MP21-13: Obesity Impairs Hypogonadism Compensation Leading to Age-related Testosterone Decline
Saturday, May 14, 2022
7:00 AM – 8:15 AM
Location: Room 222
Taciana Tiraboschi, Feira de Santana, Brazil, Eduardo Miranda*, Fortaleza, Brazil, Monique Novaes, Caroline Silva, Jean Zambrano-Contreras, Anna Ribeiro, Neyara Oliveira, Matheus Pauferro, Rodolfo Pimenta, Ricardo Figueiredo, Feira de Santana, Brazil, Jose Murillo Netto, Juiz de Fora, Brazil, Cristiano Gomes, Sao Paulo, Brazil, Jose Bessa Jr, Feira de Santana, Brazil
Introduction: In normal physiologic conditions, the hypothalamic-pituitary-gonadal (HPG) axis is expected to increase luteinizing hormone (LH) levels, as testosterone (T) levels tend to decline. This phenomenon could theoretically prevent the establishment of testosterone deficiency (TD), which contradicts the understanding that T levels have a steady decline during the normal aging process. The present study aimed to investigate the prevalence of compensated hypogonadism (CH) in a cohort of middle-aged men and to search for predictors of an adequate compensatory response.
Methods: We analyzed a prospectively maintained database of patients seeking treatment at a general urology clinic. We included patients seen from August 2020 to October 2021in the present analysis. Sociodemographics, comorbidity profile, and metabolic syndrome parameters were routinely assessed. Obesity was defined as waist circumference >102 cm. Early morning blood samples were collected, and a complete hormonal blood panel was measured. TD was defined as TT levels <300 ng/dL. CH was defined as TT < 300 ng/dL and LH > 9.4 mUI/mL. We used a multivariable model to identify independent predictors of CH, which included age, metabolic syndrome components, and lab results.
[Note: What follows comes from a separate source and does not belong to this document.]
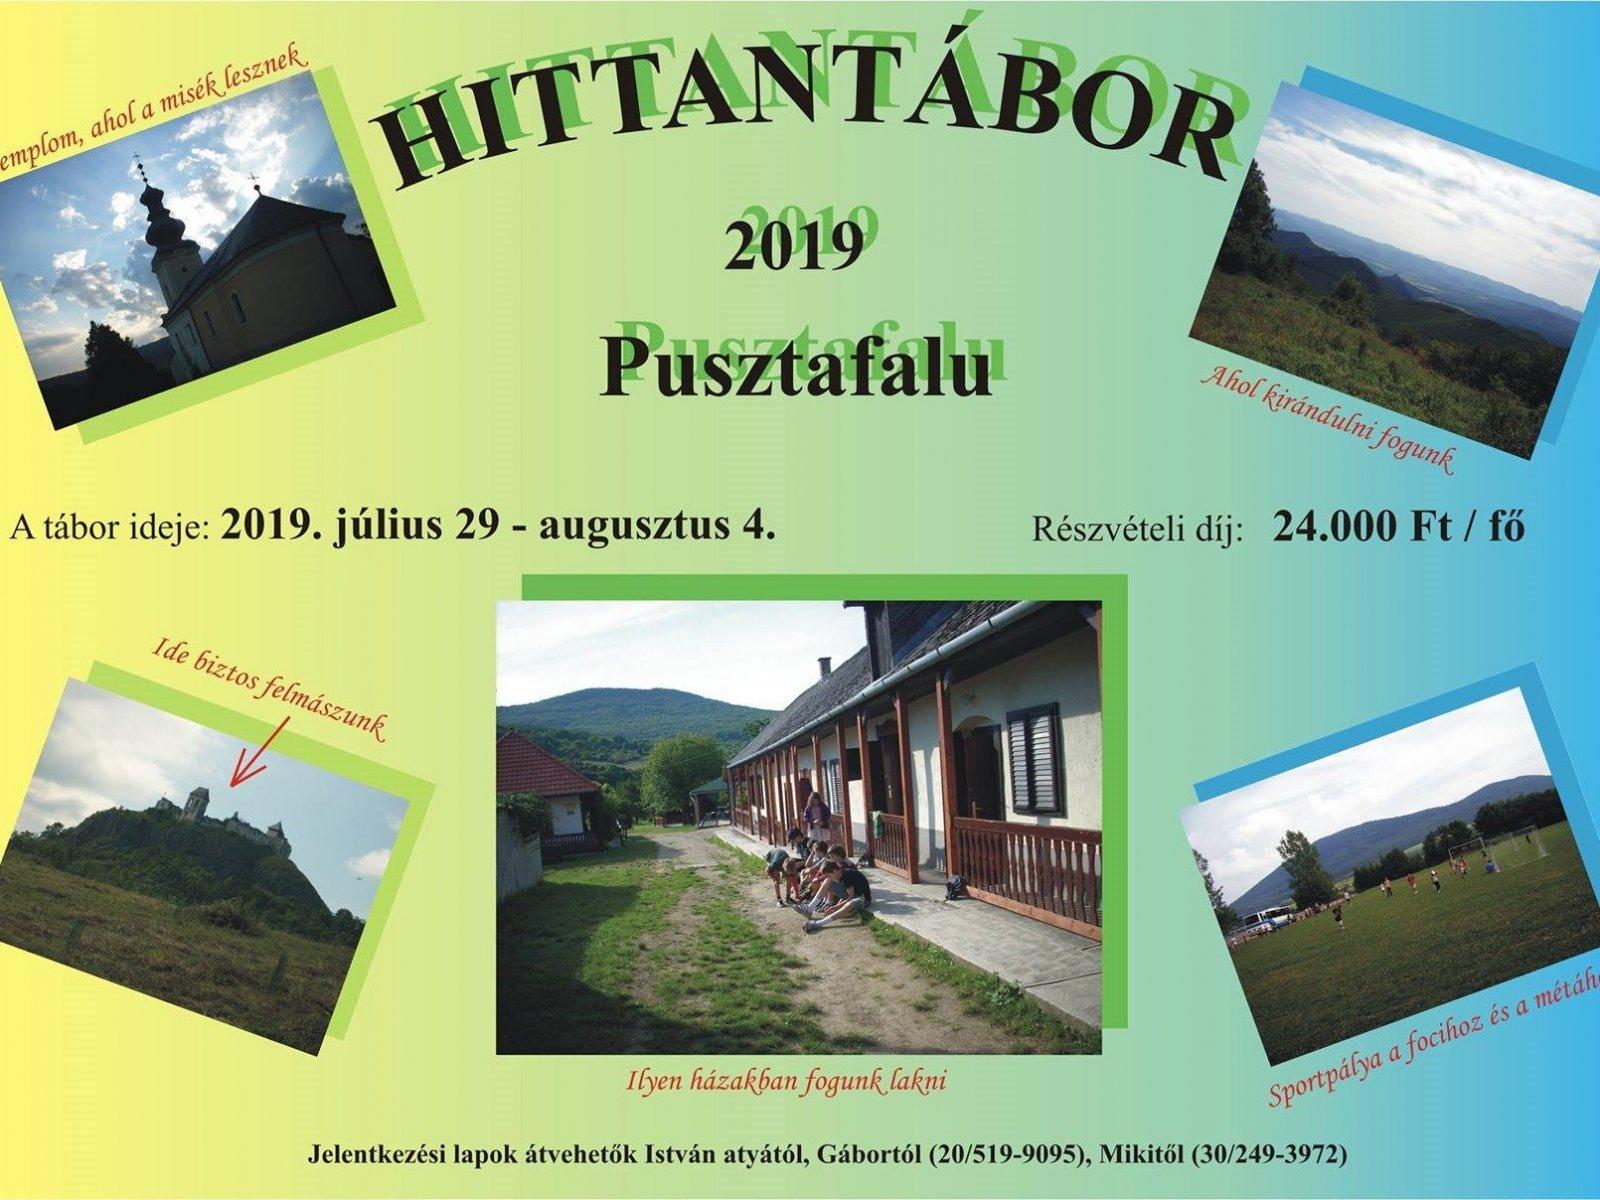 Hittantábor - 2019

Results: 577 consecutive patients were included in the analysis. The median age was 59 years [IQR 49-68 years]. The median baseline TT was 478 ng/dl [IQR 348-617]. In our sample, 41% had diabetes, 44% had hypertension, and 33% had metabolic syndrome. The prevalence of TD in our sample was 15.5%. Out of 84.5% of men with normal T levels, 6.8% had CH. Compared to eugonadal men, those with CH were more than 20 years older (median age 56.0 vs. 76.0). Median waist circumference was 97.0 cm, 94.0 cm, and 107 cm for men with normal T, CH, and TD, respectively (p < 0.001). On multivariable analysis, obesity was the only TD predictor (OR=4.23[1.85-9.77]). On the prediction model of CH among men with normal T levels, age (OR=1.11 95%CI 1.06 - 1.16 per year) and obesity (OR=0.14, 95% CI 0.03 to 0.62) remained significant.
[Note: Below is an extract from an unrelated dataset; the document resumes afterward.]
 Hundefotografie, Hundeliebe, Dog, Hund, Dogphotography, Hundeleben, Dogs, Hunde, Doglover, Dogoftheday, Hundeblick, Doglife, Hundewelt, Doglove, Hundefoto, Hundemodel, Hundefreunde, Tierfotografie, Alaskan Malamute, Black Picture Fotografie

Conclusions: In our patient population, increasing age and absence of obesity were predictors of CH. For individuals with WC <102, age appears not to impact T levels significantly as LH levels tend to maintain androgen production. Such findings might partially explain the absence of increased TD prevalence in normal-weight populations found in previous published epidemiological studies.